И халиф пришел тут в восторг, и волнение одолело его, и от сильного восторга он не мог удержаться и воскликнул: «Хорошо, клянусь Аллахом! хорошо, клянусь Аллахом! хорошо, клянусь Аллахом!» – а Нур-ад-дин спросил его: «О рыбак, понравилась ли тебе невольница?» И халиф отвечал: «Да, клянусь Аллахом!» – и тогда Нур-ад-дин сказал: «Она мой подарок тебе, – подарок благородного, который не отменяет подарков и не берет обратно даров».
И затем Нур-ад-дин поднялся на ноги и, взяв плащ, бросил его рыбаку и велел ему выйти и уходить с девушкой, и девушка посмотрела на Нур-ад-дина и сказала: «О господин, ты уходишь не прощаясь! Если уже это неизбежно, постой, пока я с тобой прощусь и изъясню тебе свое состояние». И она произнесла такие стихи:
«Тоска и страдание и память о днях былых
Мне тело измучили и сделали призраком.
Любимый, не говори: «Без нас ты утешишься».
В одном положенье я – страданья не кончились.
И если бы кто-нибудь мог плавать в слезах своих,
Наверно была б я тем, кто первый в слезах поплыл.
О те, к кому страсть теперь владеет душой моей,
Как смесь из вина с водой над чашею властвует –
Разлука приблизилась, которой боялась я,
О ты, к кому страсть с душой и сердцем игру вела!
О славный Хакана сын, нужда и мечта моя!
О ты, к кому страсть души на миг не оставила!
Ты ради меня врагом царю и владыке стал
И ныне вдали живешь от близких и родины.
Не дай же Аллах тебе, владыка, скучать по мне!
Кариму ты дал меня, да будет прославлен он».
И когда она окончила стихотворение, Нур-ад-дин ответил ей такими стихами:
«В день разлуки она со мною простилась
И сказала, в волнении страсти рыдая:
«Что же будешь, когда уйду я, ты делать!»
Я ответил: «Спроси того, кто не умер».
И когда халиф услышал в стихах ее слова: «Кариму ты дал меня», – его стремление к ней увеличилось, но ему стало тяжело и трудно разлучить их, и он сказал юноше: «Господин мой, девушка упомянула в стихах, что ты стал врагом ее господину и обладателю. Расскажи же мне, с кем ты враждовал и кто тебя разыскивает». – «Клянусь Аллахом, о рыбак, – отвечал Нур-ад-дин, – со мной и с этой невольницей произошла удивительная история и диковинное дело, и будь оно написано иглами в уголках глаза, оно бы послужило назиданием для поучающихся!» И халиф спросил: «Не расскажешь ли ты нам о случившемся с тобою деле и не осведомишь ли нас о твоей истории? Быть может, тебе будет в этом облегчение, ведь помощь Аллаха близка». – «О рыбак, – спросил тогда Нур-ад-дин, – выслушаешь ли ты наш рассказ в нанизанных стихах в рассыпанной речи?» И халиф ответил: «Рассыпанная речь – слова, а стихи – нанизанные жемчужины».
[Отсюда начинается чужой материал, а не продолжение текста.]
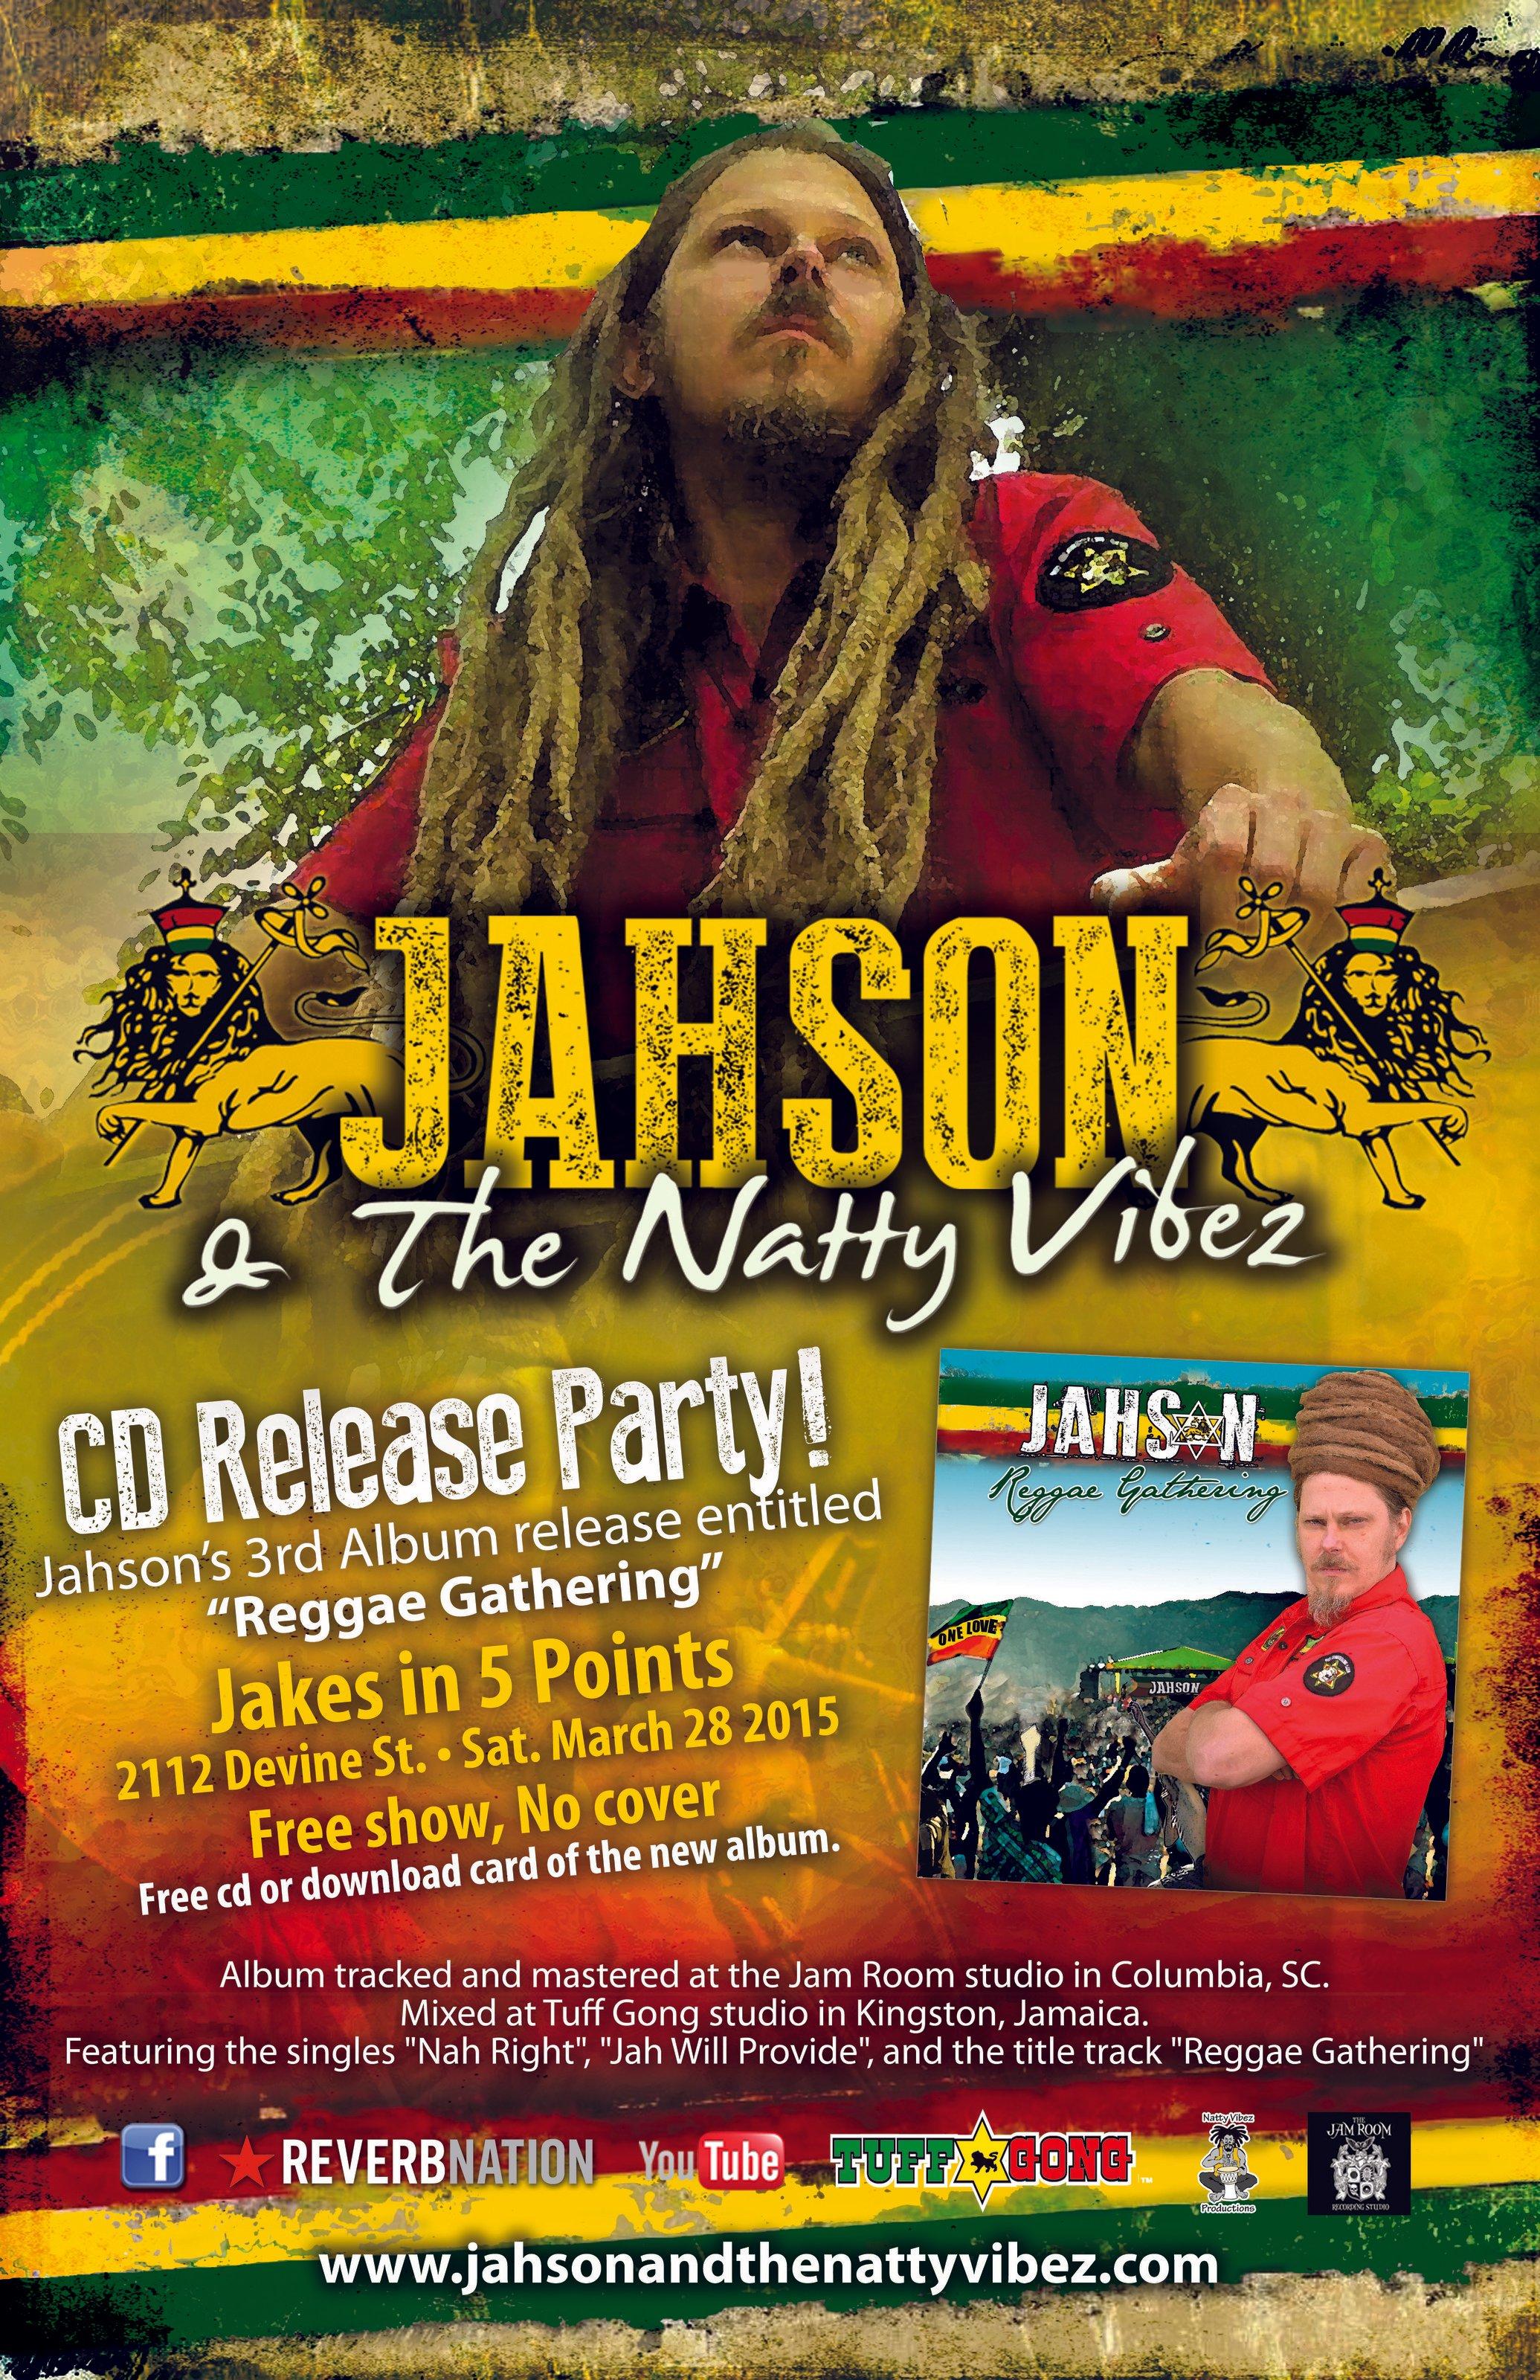 Jahson & The Natty Vibez   ReverbNation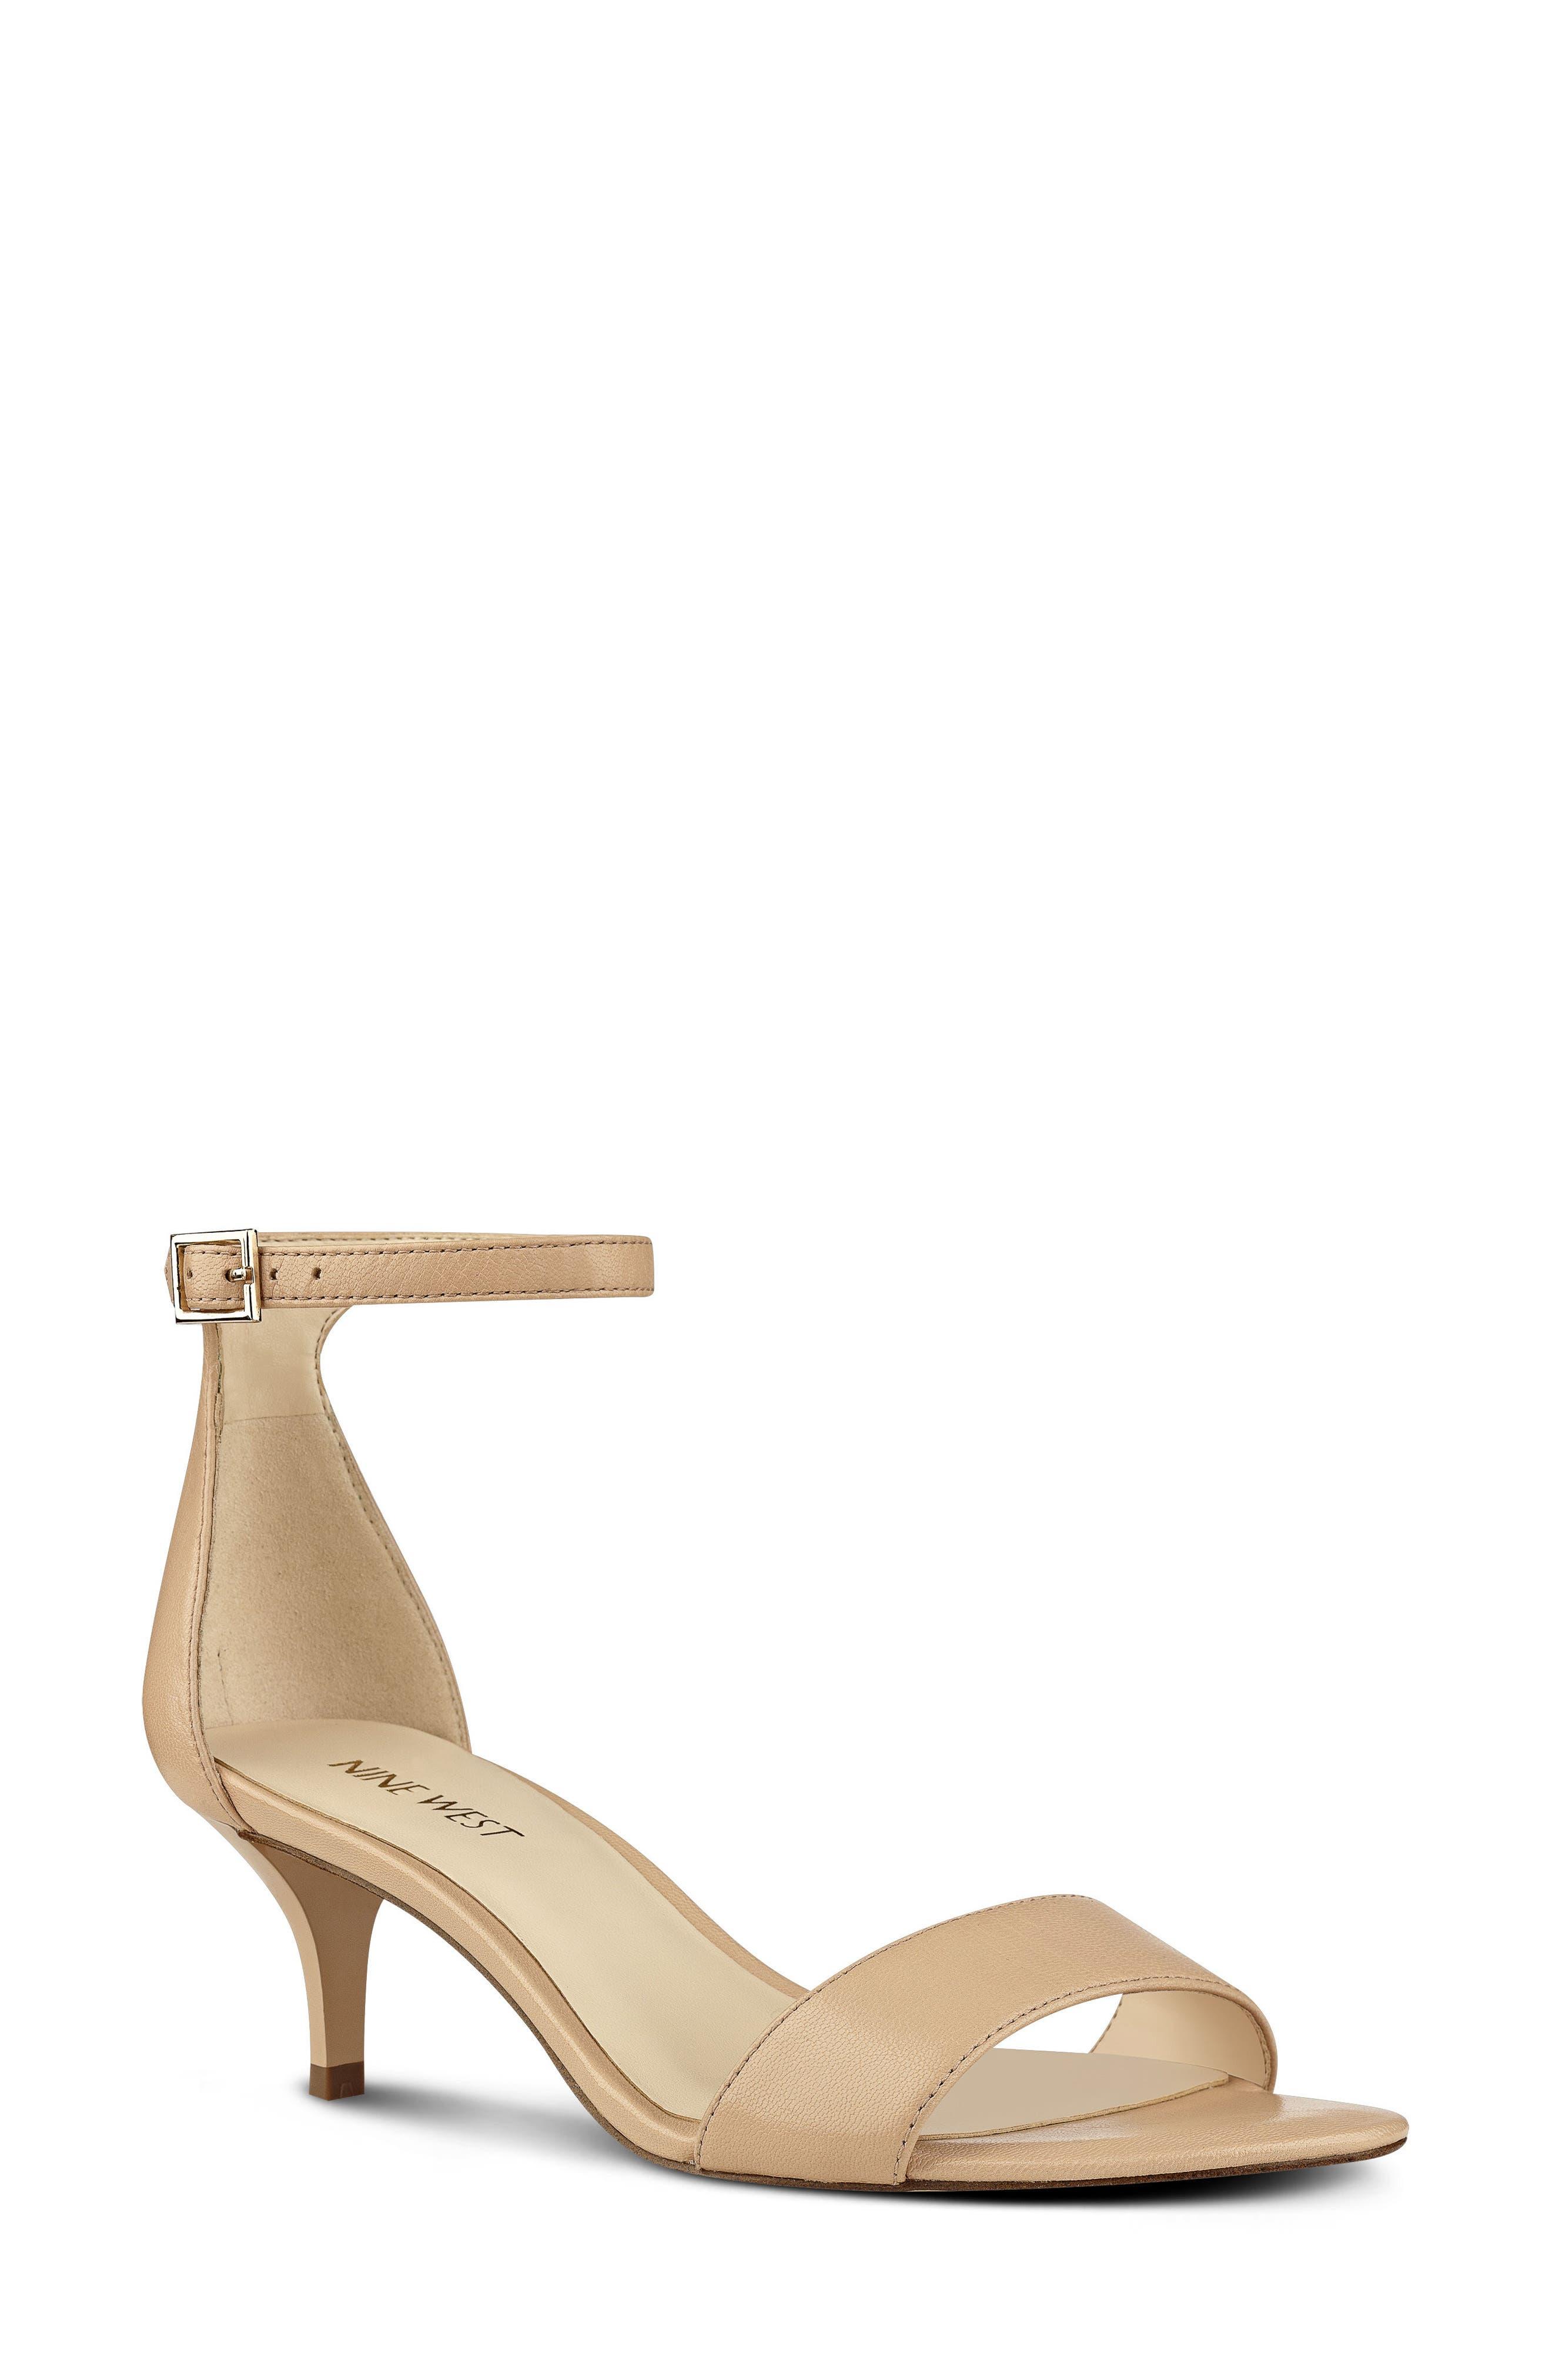 17270eae6ae Nine West Sandals - Women s

И тогда Нур-ад-дин склонил голову к земле и произнес такие стихи:
«Друг любимый, со сном давно я расстался,
И безмерно вдали от родины горе.
Мой родитель любил меня и был нежен,
Но оставил меня и лег он в могилу.
И случилось потом со мной дел немало,
И разбили совсем они мое сердце.
Приобрел мне рабыню он с нежным телом,
Ветви ивы смущает стан ее гибкий.
И наследство потратил я на рабыню
Или щедро раздал его благородным.
И в заботе я свел ее на продажу,
Хоть страдать от разлуки с ней не хотел я.
Но как только воззвал о ней зазыватель,
Набавлять стал старик один развращенный.
И разгневан я был тогда сильным гневом
И рабыню из рук наемников вырвал.
И ударил злодей меня в сильной злобе,
И огнями раздора тут запылал он.
И рукой я от гнева бил его правой,
Вместе с левой, пока душа исцелилась.
И в испуге домой тогда я вернулся,
И укрылся, врагов боясь, в своем доме.
И правитель велел тотчас захватить нас,
Но привратник пришел ко мне благородный,
Намекая, чтоб дальше я удалился
И исчез бы, завистникам на несчастье.
И ушли мы, покинув дом темной ночью,
И хотели жилья искать мы в Багдаде.
Нет со мною былых богатств уже больше,
Сверх того, что я дал, рыбак, тебе раньше.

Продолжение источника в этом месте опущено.